Upserting into Hudi tables¶

In [6]:

upsert_hudi_table(
    db_name='hudidb',
    table_name='dim_customers',
    record_id='customer_dim_key',
    precomb_key='created_at',
    spark_df=spark_df_customers,
    table_type='COPY_ON_WRITE',
    method='upsert',
)

path file:///C:/tmp/hudidb/dim_customers

If a customer has updated their information, we would need to apply Slowly Changing Dimension Type 2.¶

Previous Information¶

In [7]:

customer_data[1]

Out[7]:

{'customer_id': '893f92b3-77b3-443b-a764-362a3f2a2300',
 'name': 'Kelly Perez',
 'state': 'Illinois',
 'city': 'Lake Megan',
 'email': 'harrisonelizabeth@example.org',
 'created_at': '2023-05-03T07:24:52.250777'}

New information¶

In [8]:

customer_data[1]['city'] = 'Stamford'
customer_data[1]['state'] = 'CT'
changed_item =[customer_data[1]]

In [16]:

changed_item

Out[16]:

[{'customer_id': '893f92b3-77b3-443b-a764-362a3f2a2300',
  'name': 'Kelly Perez',
  'state': 'CT',
  'city': 'Stamford',
  'email': 'harrisonelizabeth@example.org',
  'created_at': '2023-05-03T07:24:52.250777'}]

In [17]:

update_df_customers = spark.createDataFrame(data=[tuple(i.values()) for i in changed_item],
                                           schema=list(changed_item[0].keys()))

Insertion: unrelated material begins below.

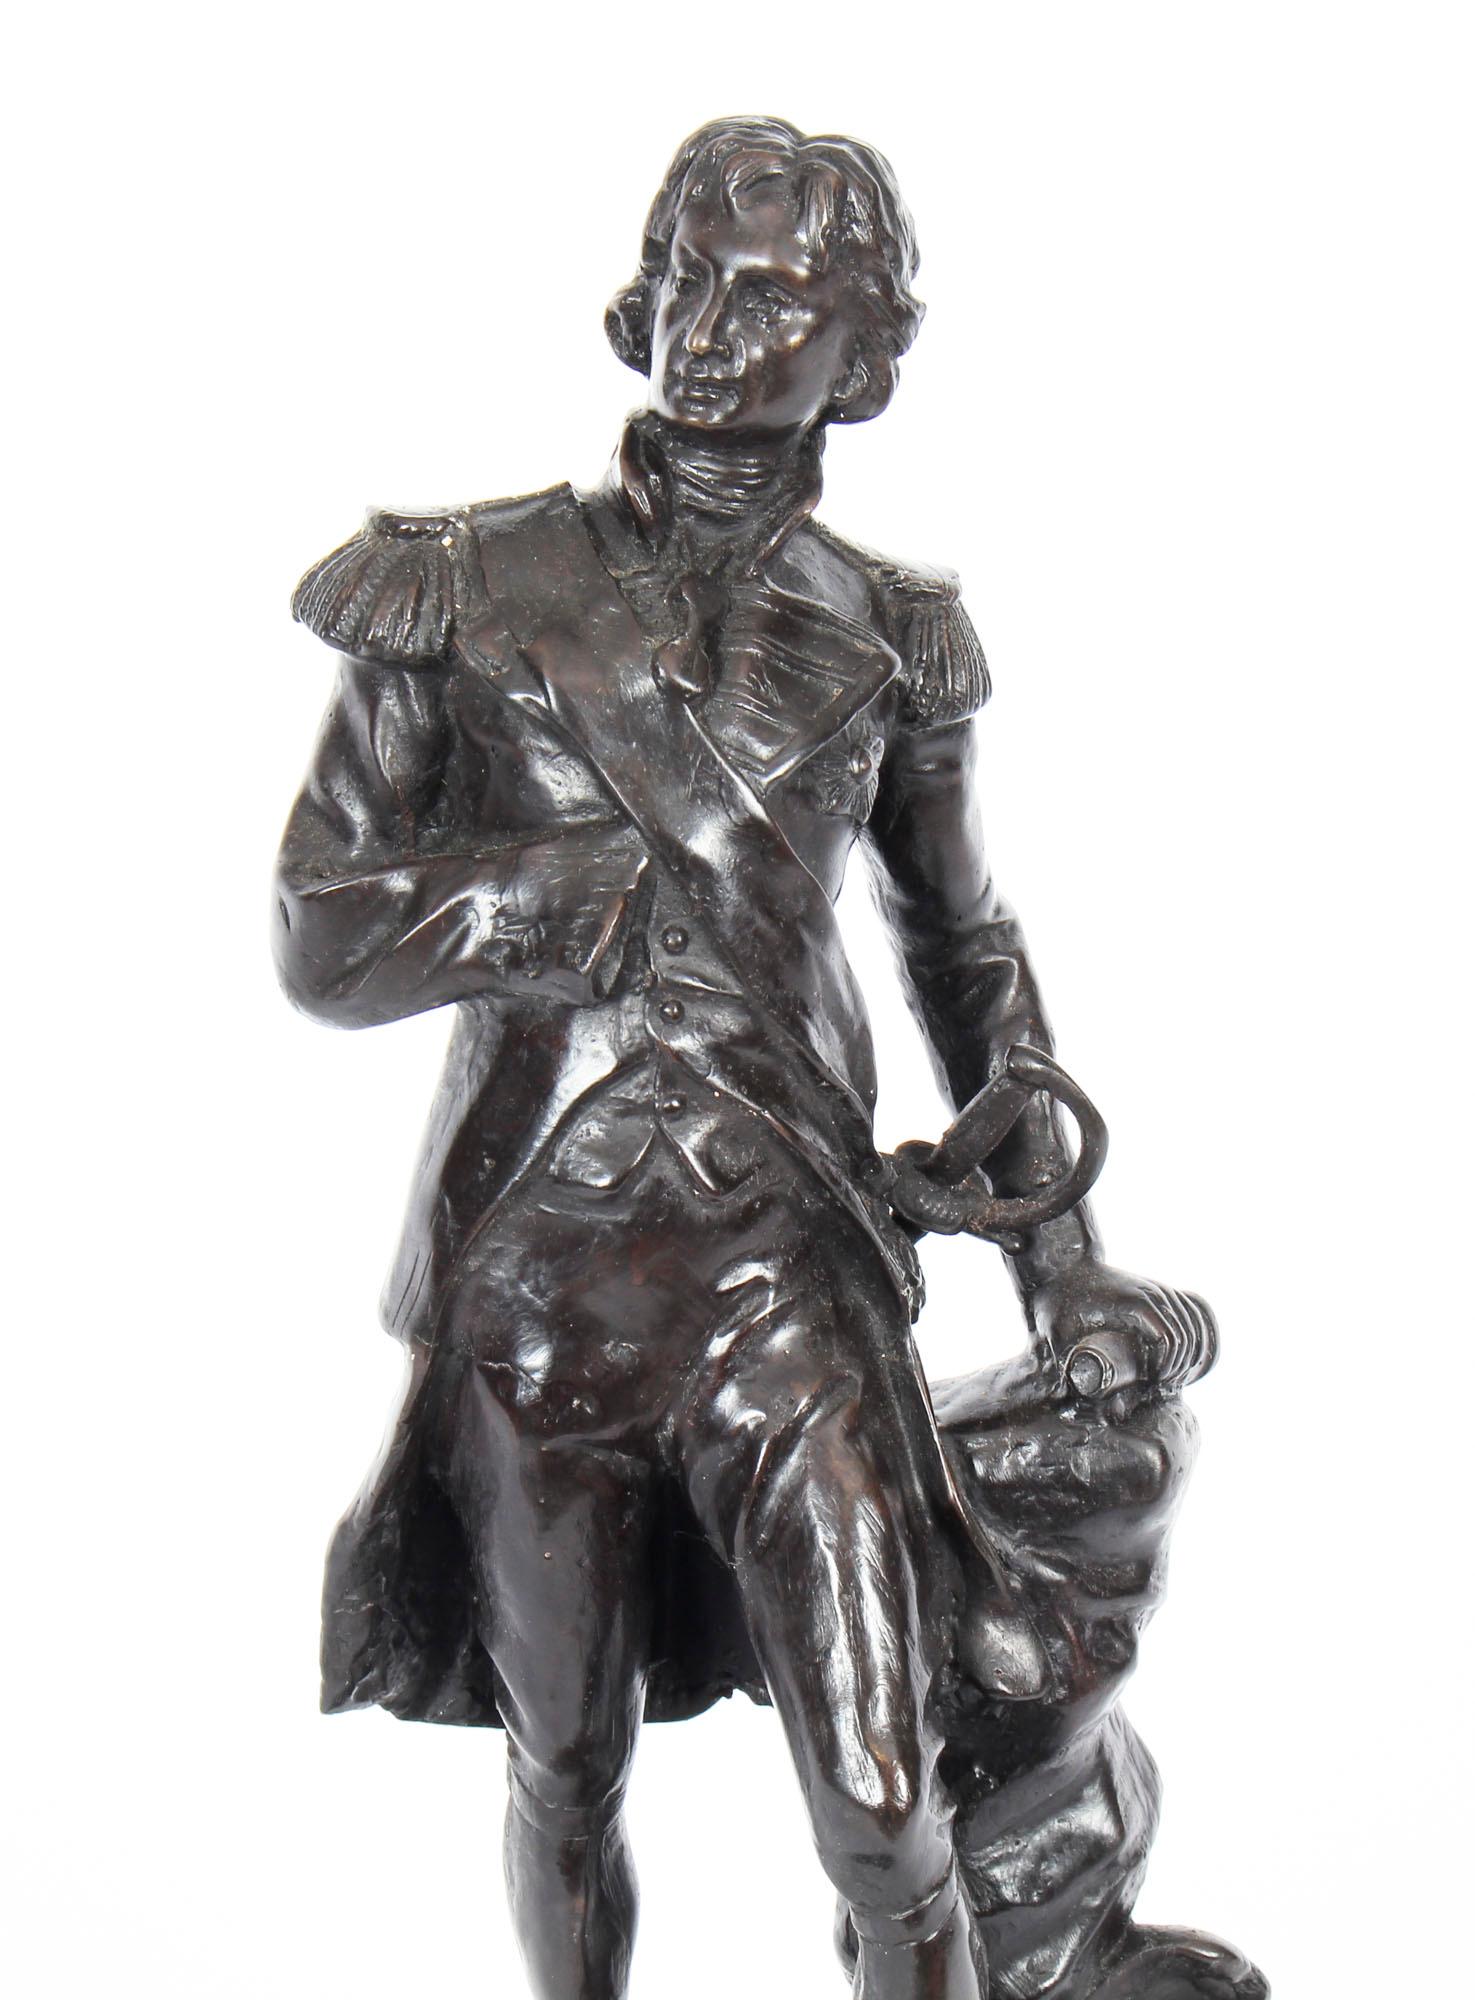 Une étonnante sculpture en bronze de l'un des plus grands héros militaires britanniques de tous les temps,  datant de la fin du 20e siècle.

Le 21 octobre 1805, la flotte franco-espagnole sort du port et la flotte de l'amiral Horatio Nelson l'engage

update_df_customers = update_df_customers.withColumn("customer_dim_key", random_udf())
update_df_customers = update_df_customers.withColumn("is_current", lit(True))


update_df_customers.select([
    'customer_id',
    'name',
    'state',
    'city',
    'created_at',
    'customer_dim_key',                      
    'is_current'
]).show()

+--------------------+-----------+-----+--------+--------------------+--------------------+----------+
|         customer_id|       name|state|    city|          created_at|    customer_dim_key|is_current|
+--------------------+-----------+-----+--------+--------------------+--------------------+----------+
|893f92b3-77b3-443...|Kelly Perez|   CT|Stamford|2023-05-03T07:24:...|56d6250a-33f4-4d8...|      true|
+--------------------+-----------+-----+--------+--------------------+--------------------+----------+

Creating Snapshots¶

In [18]:

customers = "file:///C:/tmp/hudidb/dim_customers"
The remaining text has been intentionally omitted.